More about: Wide Awake
On what felt like the first day of a brand new summer, approximately 25,000 flocked to Brixton’s Brockwell Park for the brand new South London extravaganza: Wide Awake. For the past few years, the ‘South London scene’ has erupted with a newfound taste for post-punk, and Wide Awake was the showcase of showcases for the best and brightest of the scene. With stages sponsored by iconic venues like The Windmill and MOTH Club, faces felt familiar and it was as if everyone who was anyone had finally come together for the event of the year.
The day had an early kick off with positive-mental-health-music-making Tiña setting the tone for the day. The Windmill stage then made a sharp 180 to the raucousness of IDLES, who saw the main stage crowd tightly packed by 1pm, having to go back to Bristol for another set later that evening.

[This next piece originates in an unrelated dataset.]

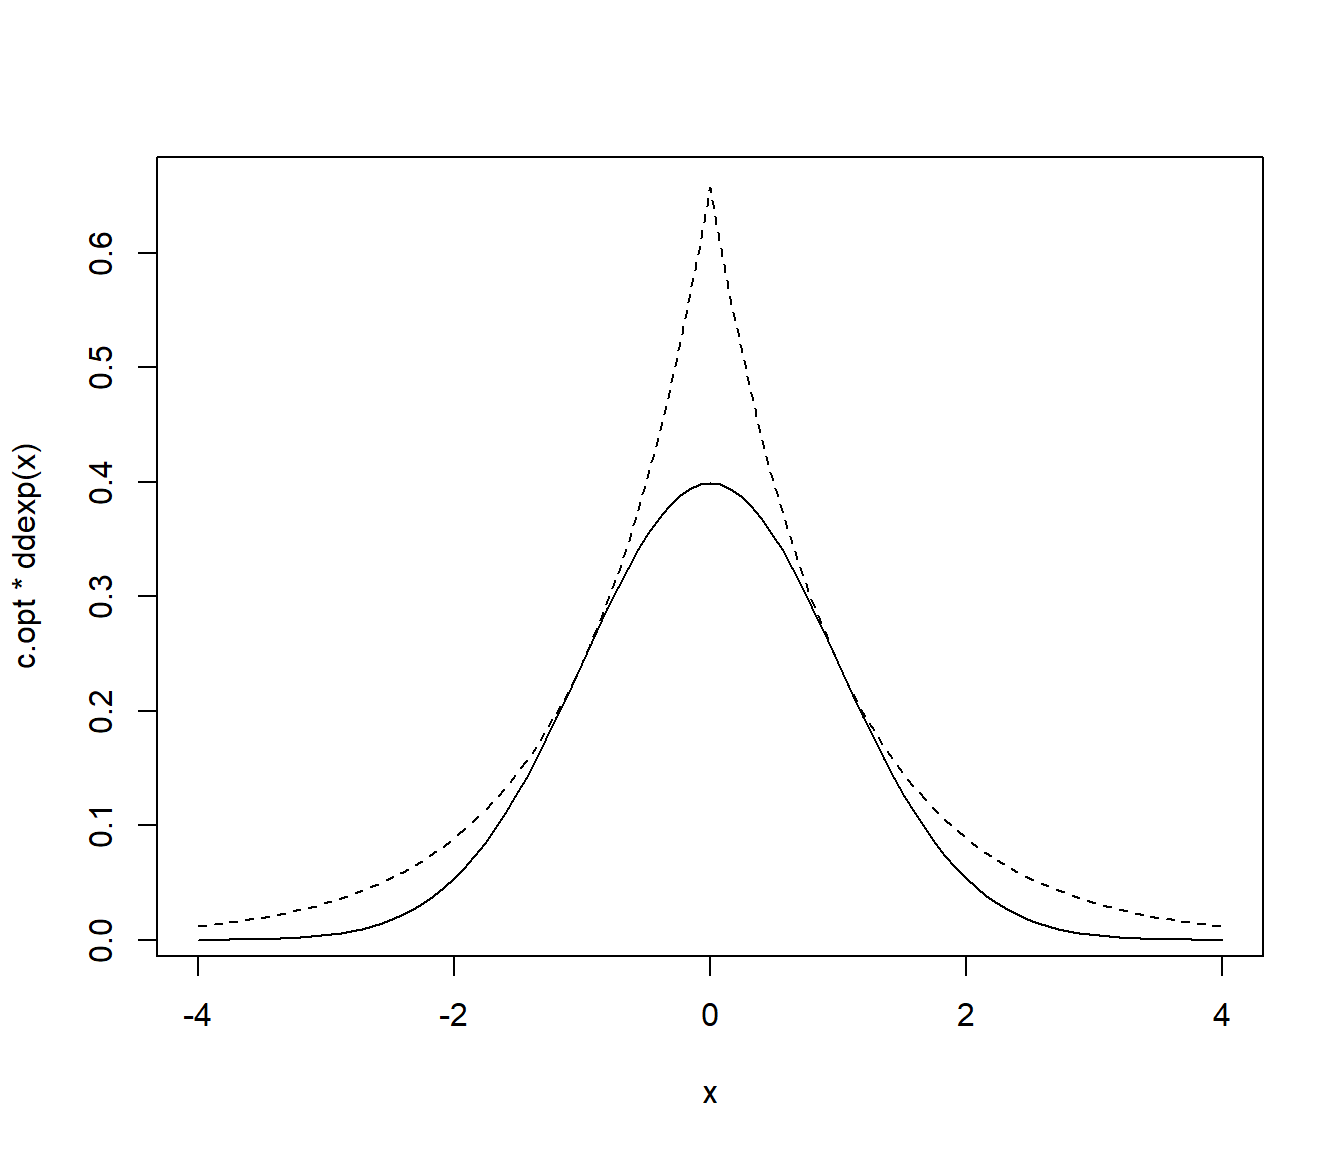 Densidad objetivo (normal estándar, línea continua) y densidad auxiliar (doble exponencial, línea discontinua) reescalada.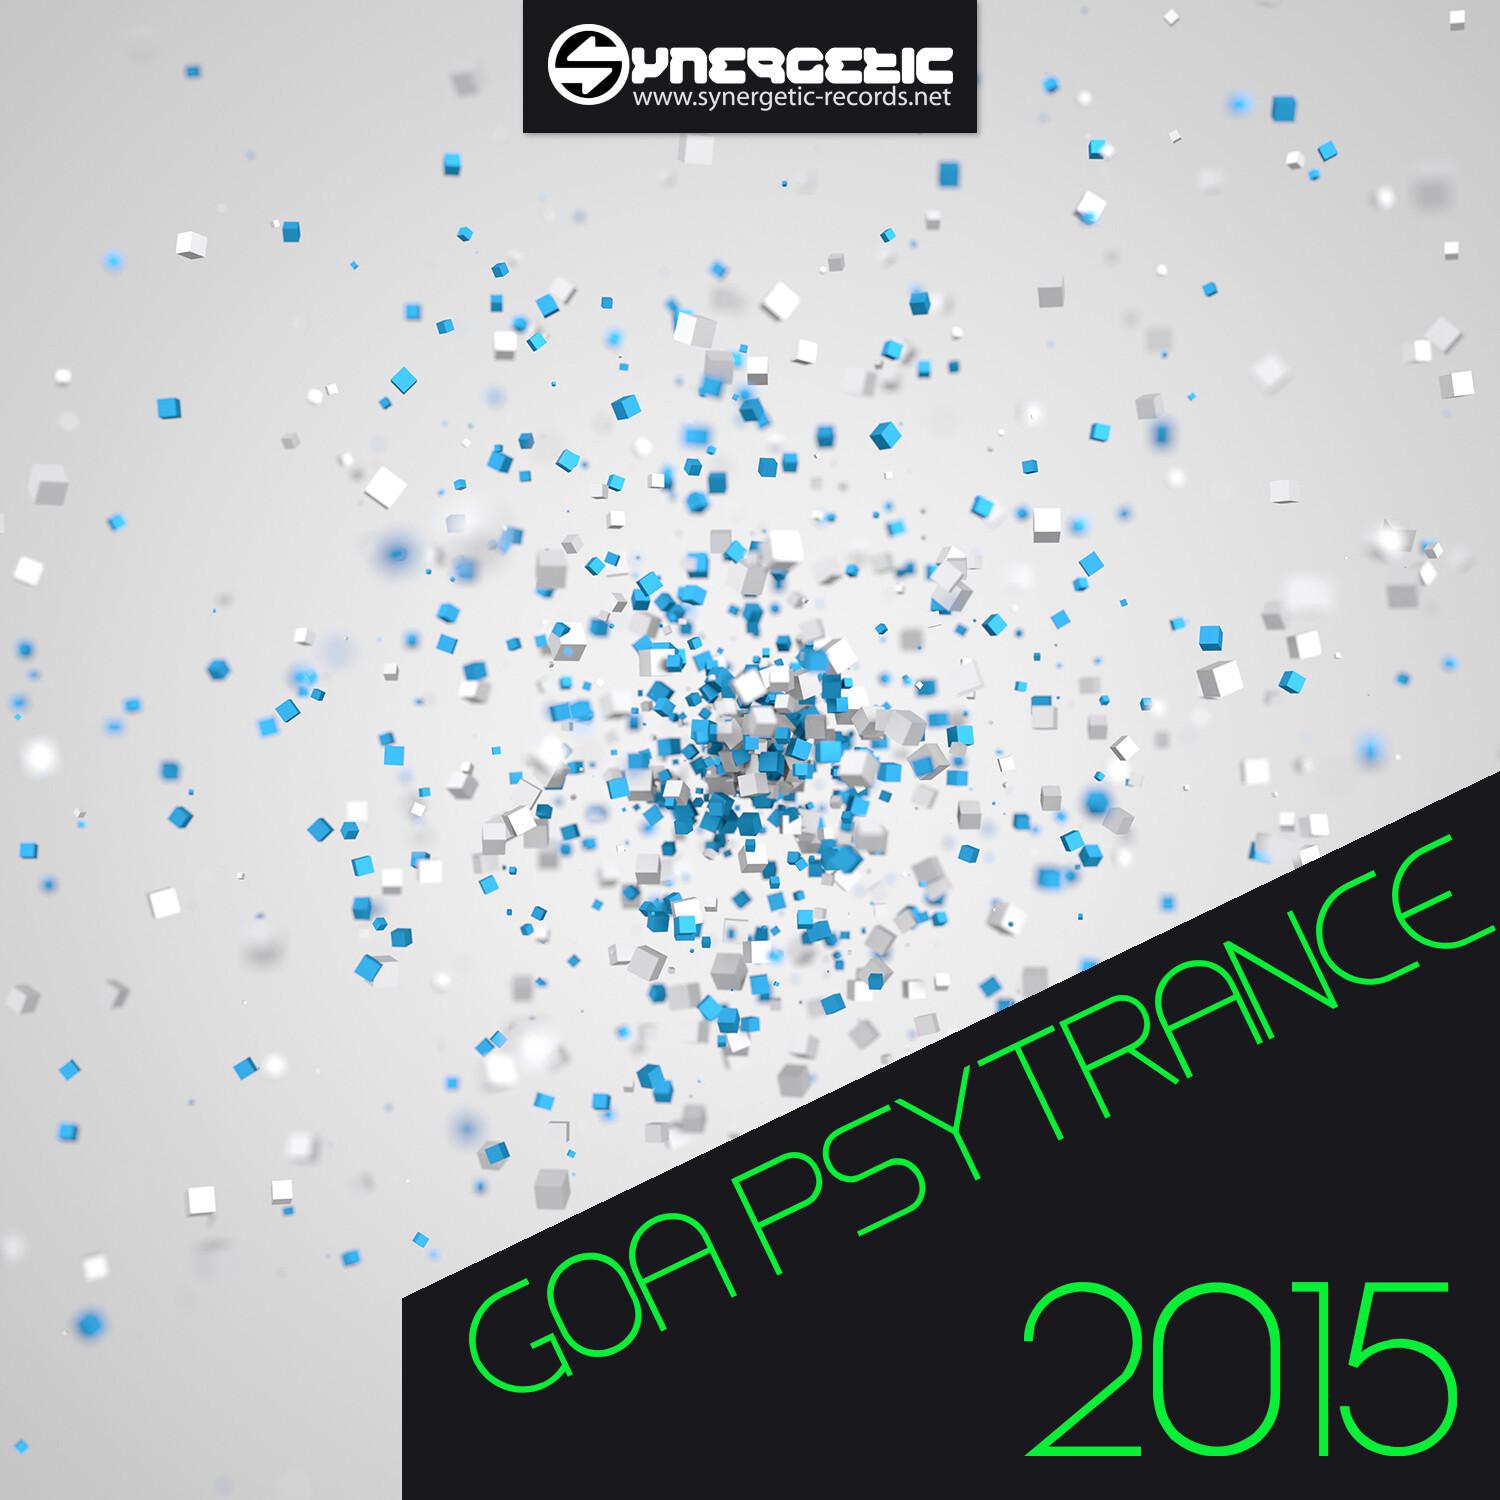 Goa PsyTrance 2015

After a trek to the other side of the arena, the pure grunge sad-core of Porridge Radio offered a welcome break from the kicking and screaming of IDLES.
The sun fiercely beating down on the crowds in Brockwell Park saw lots of sweat and progressively fewer and fewer clothes worn by festival go-ers. The weather truly fell on the side of music that day, perfectly soundtracked by Squid and the off-kilter beats of their debut album Bright Green Field. It dawned on me that Wide Awake would be the first time many of us had heard new music from these bands live, making the day that more special.
After worming a route through crowds and past many a food truck, the sweet pop notes of Lynks pour out of the So Young stage (which was not much bigger than a teepee). After getting the entire crowd dancing, even the ones uncovered by the tent, Lynks brought out Charlie Steen of Shame to perform their single 'This Is The Hit' together, complete with Lynks’ dance troupe. Kikagaku Moyo were next up on the agenda, bringing totally chill vibes to the Bad Vibrations stage. Complete with a sitar that oddly didn't seem at all out of place, they brought a whole different and unexpected energy to the day. A total breath of fresh air.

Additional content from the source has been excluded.